What is needed – How do the lines read from the one holding "hyundai-ioniq electrical car" through the last line of the listing? Set them down exactly, pictures omitted.

Stored data –
============================================================

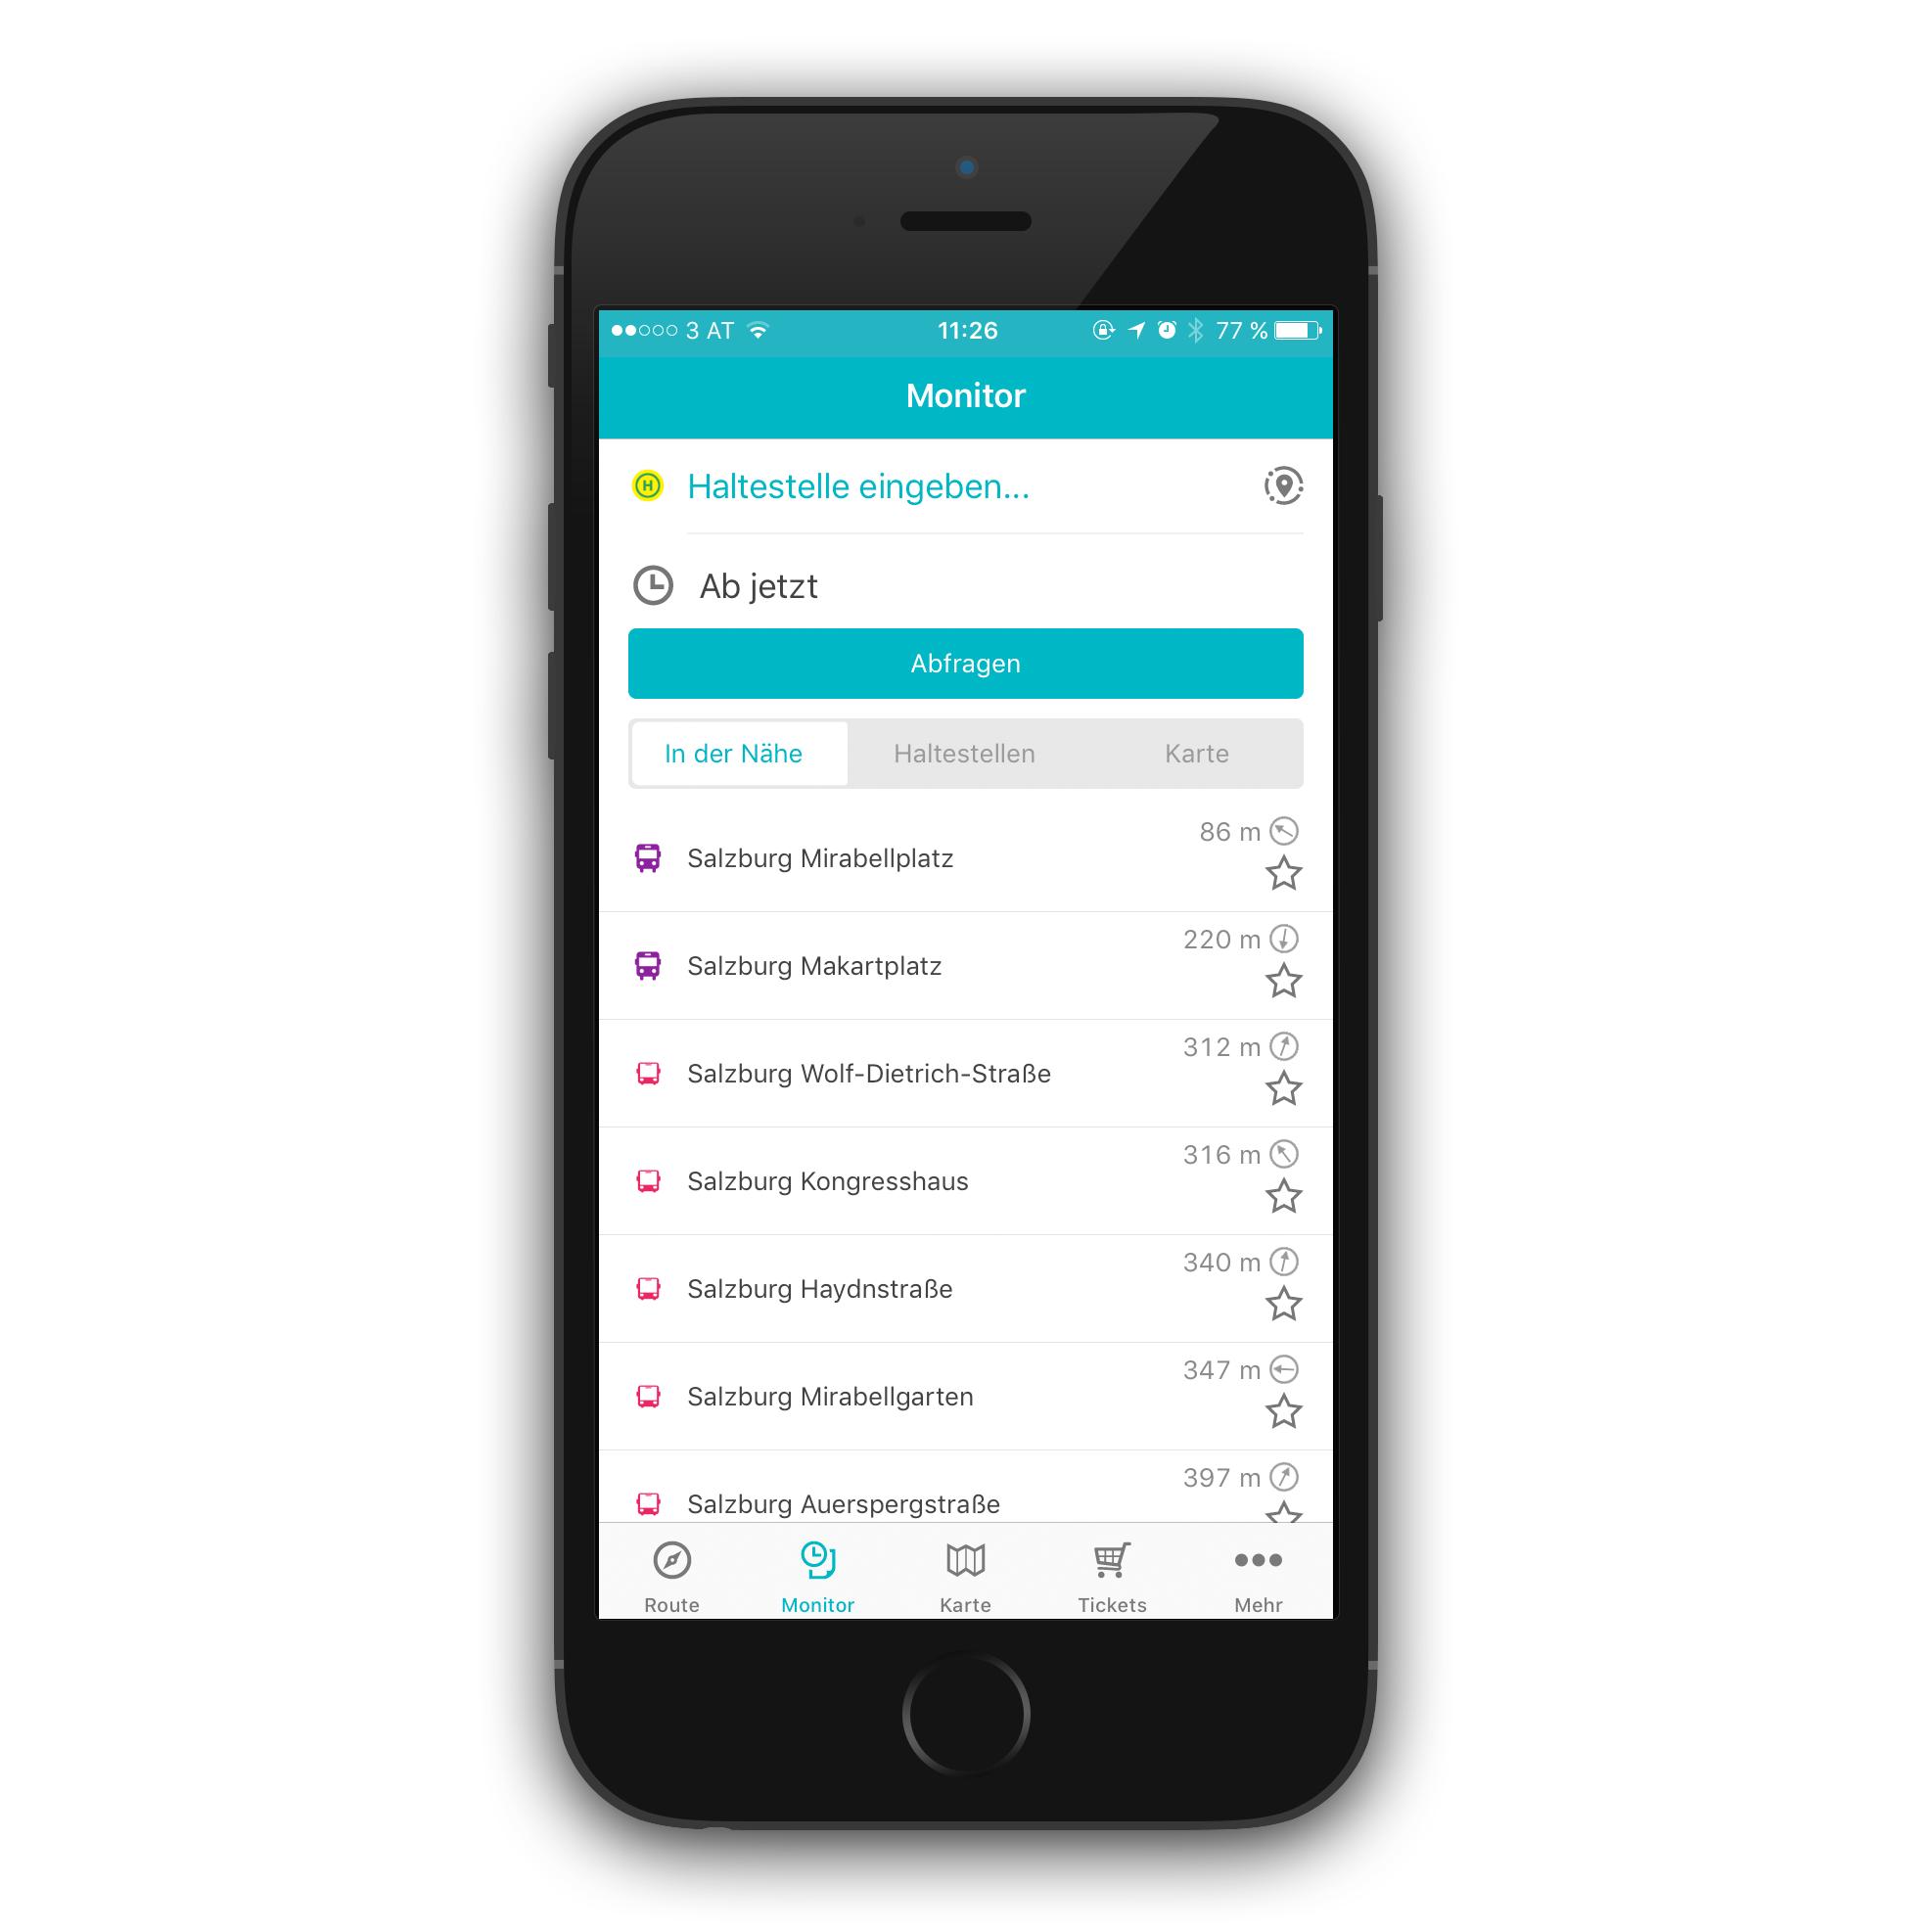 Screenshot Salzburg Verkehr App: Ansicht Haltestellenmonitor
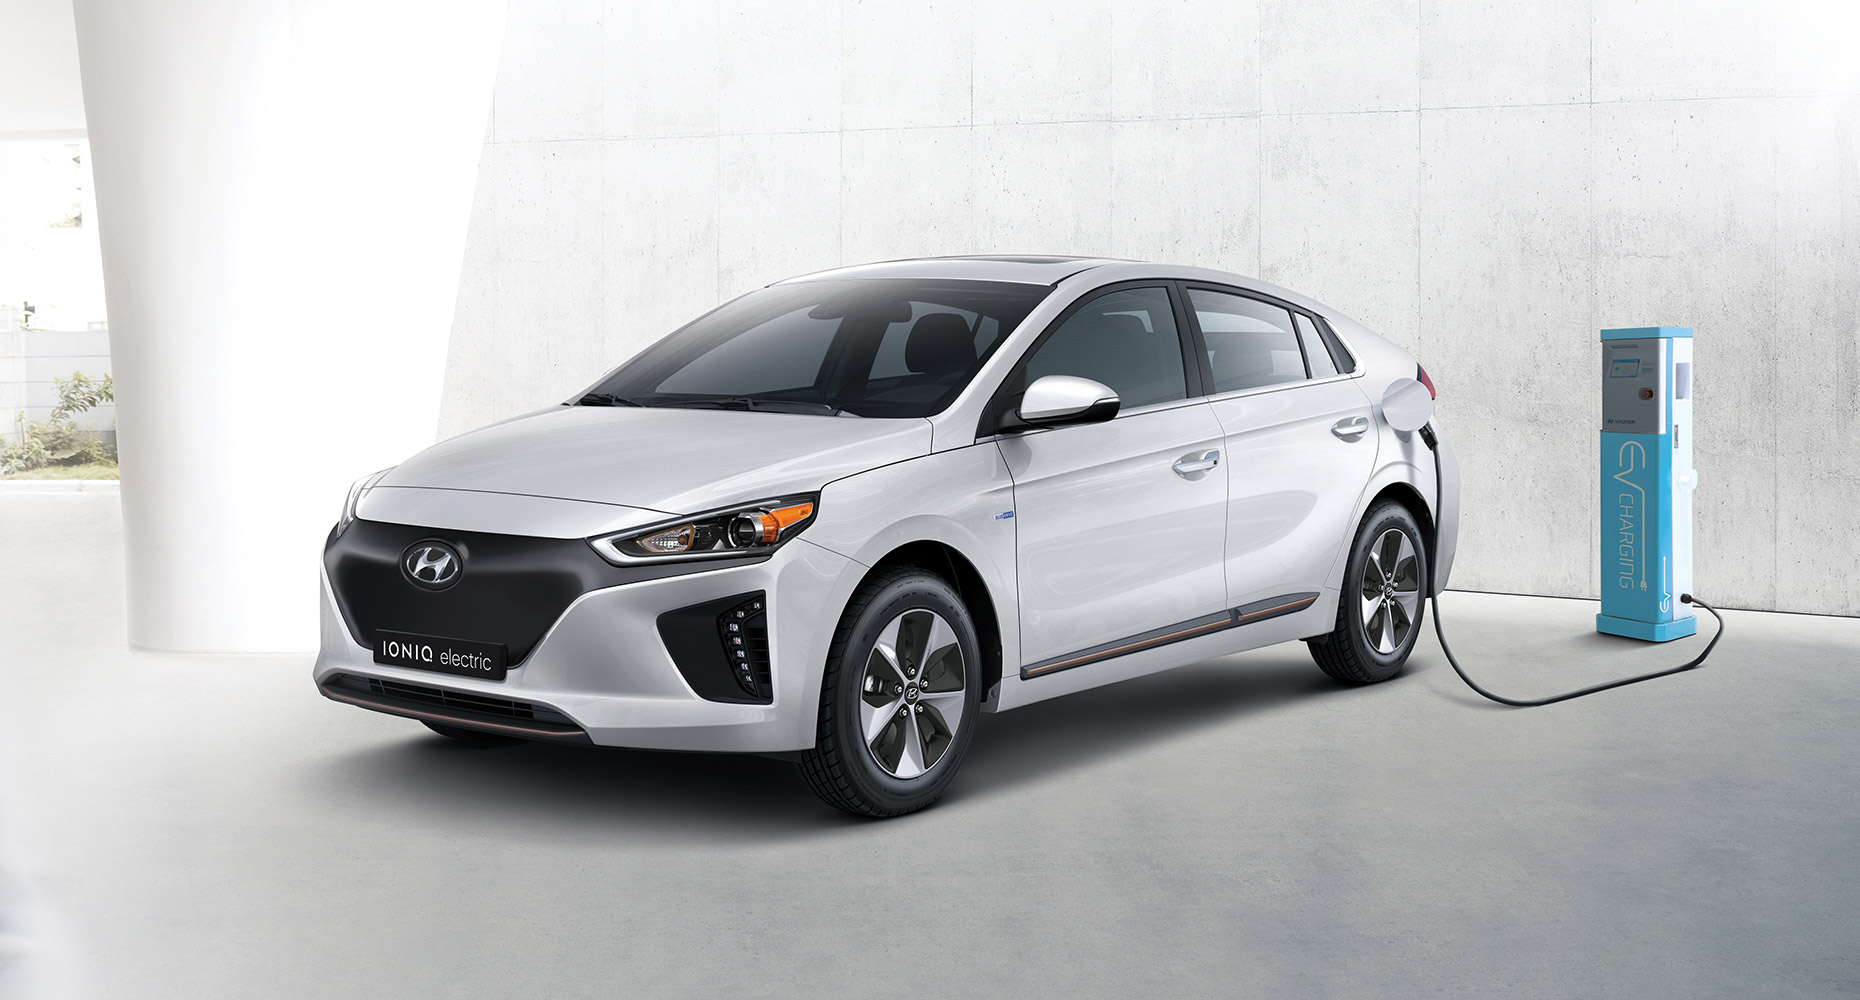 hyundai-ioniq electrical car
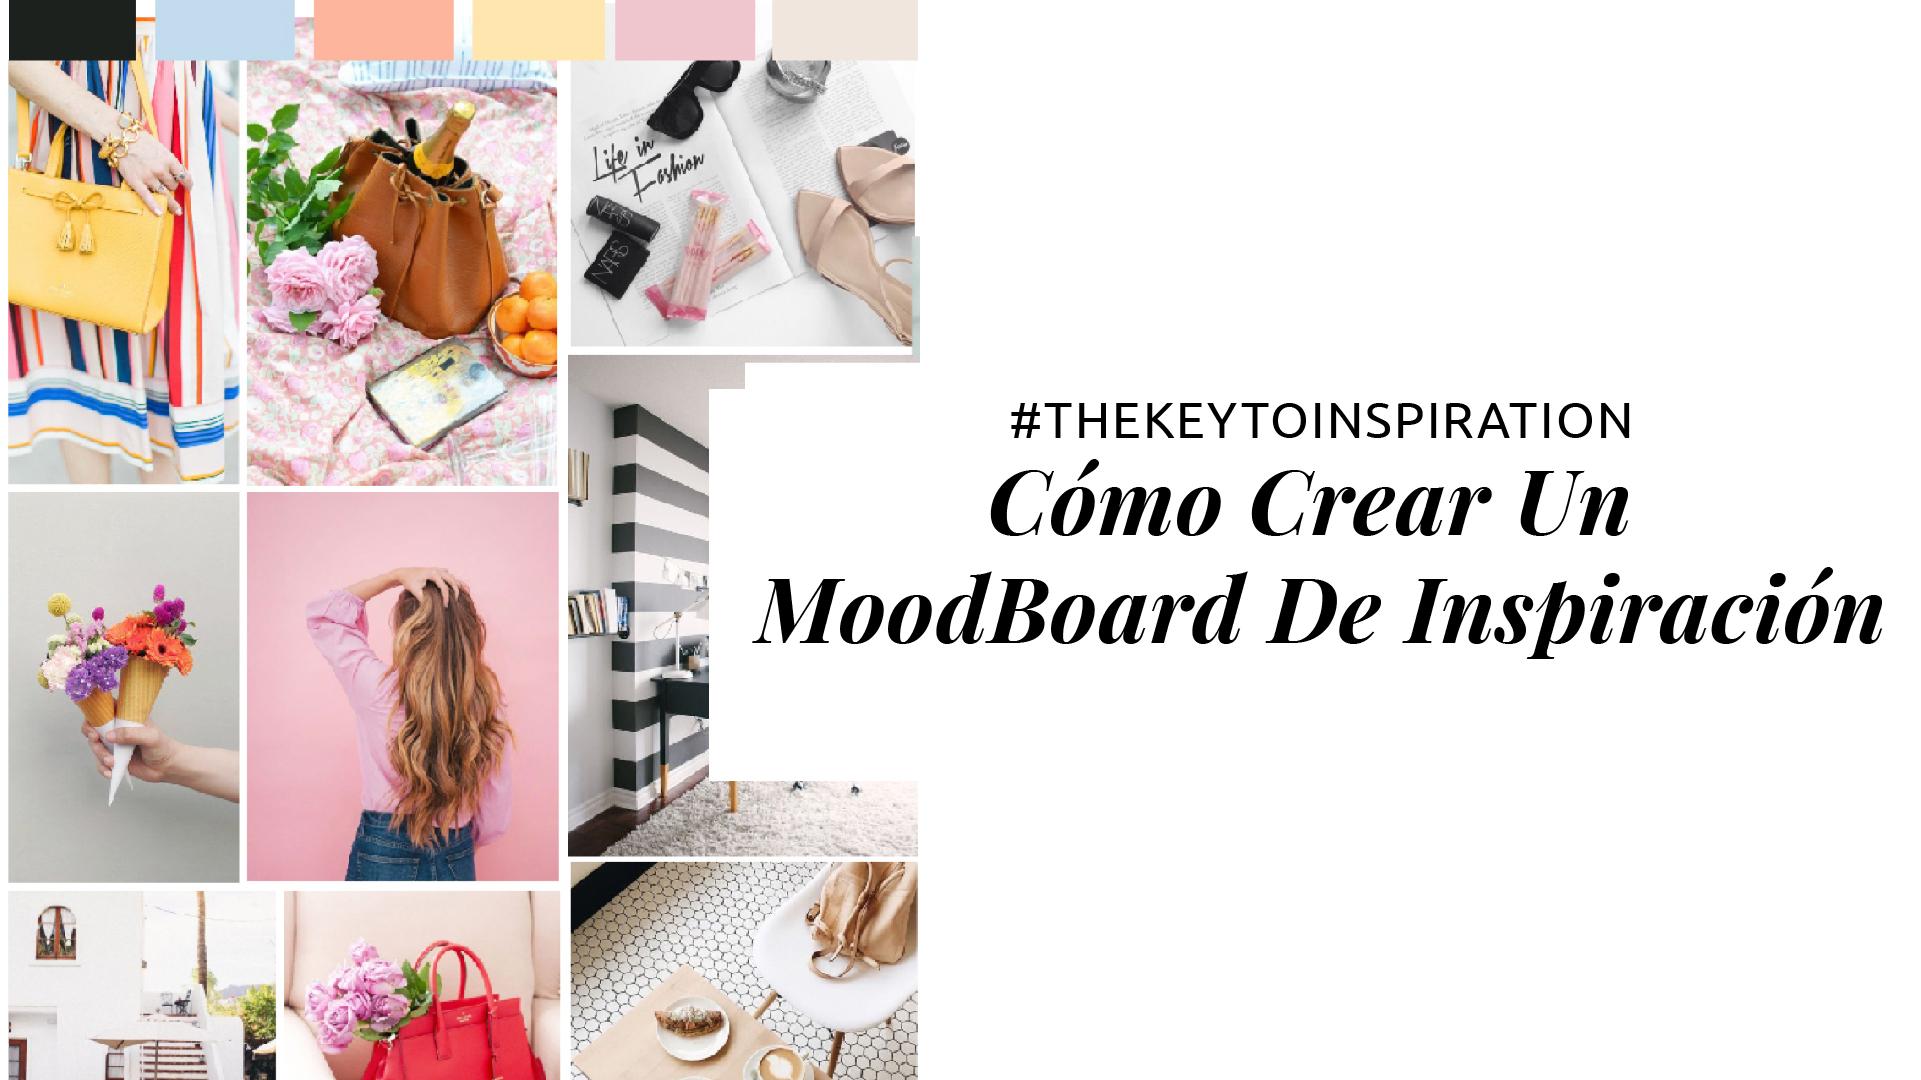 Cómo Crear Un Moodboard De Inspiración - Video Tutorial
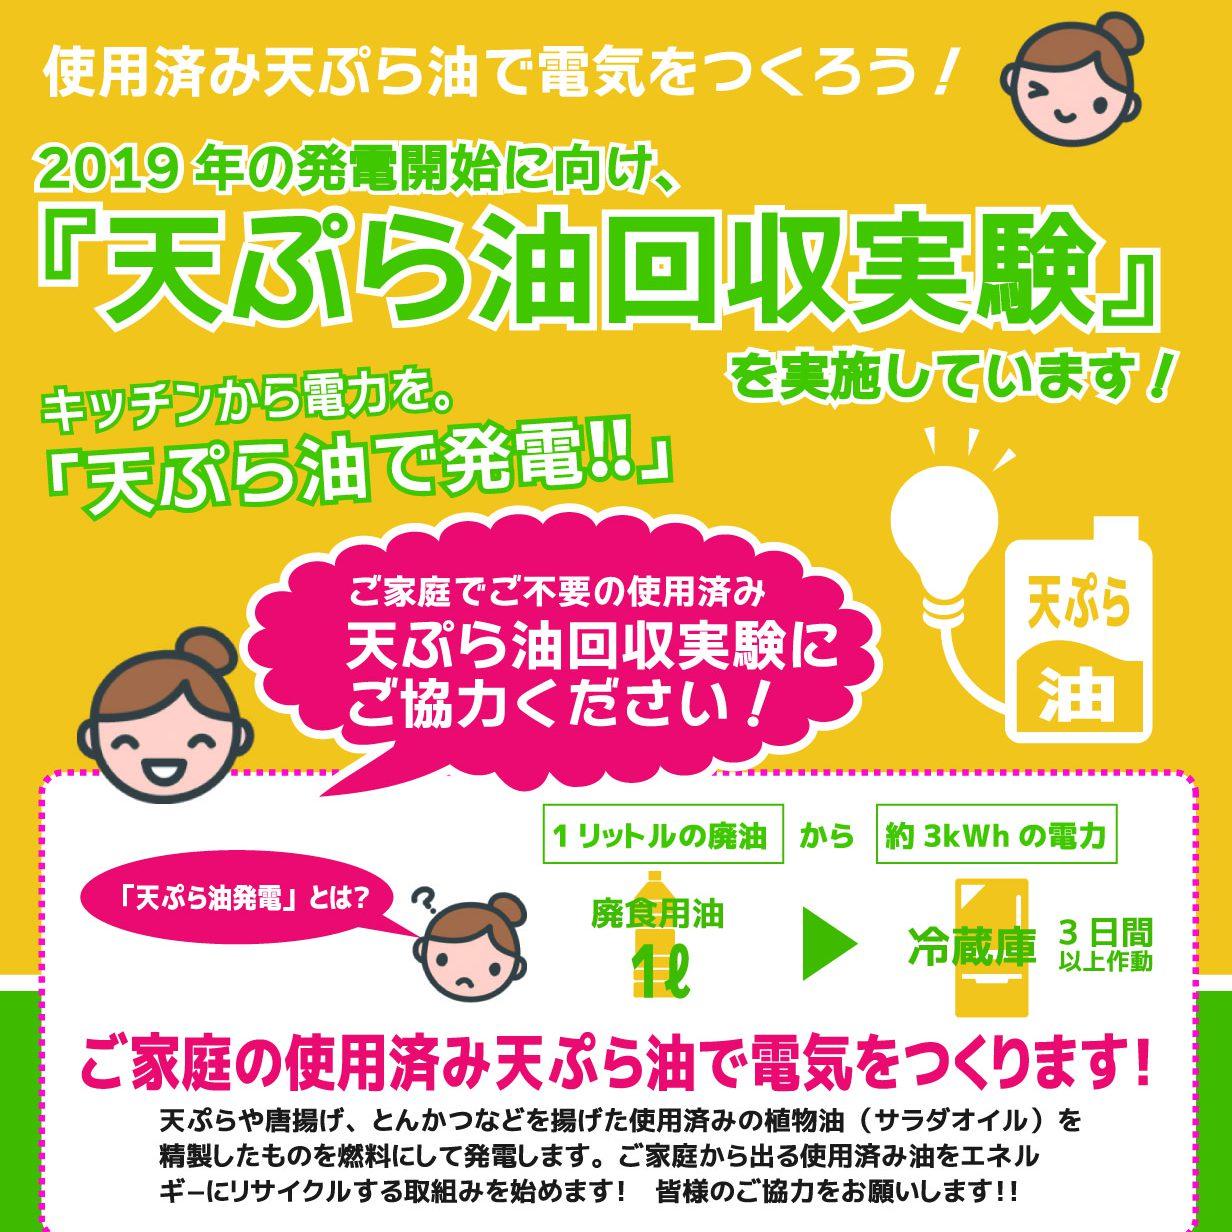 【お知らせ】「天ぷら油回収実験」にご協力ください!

============================================================

Response –
 hyundai-ioniq electrical car
 Cómo Crear Un Moodboard De Inspiración - Video Tutorial
 【お知らせ】「天ぷら油回収実験」にご協力ください!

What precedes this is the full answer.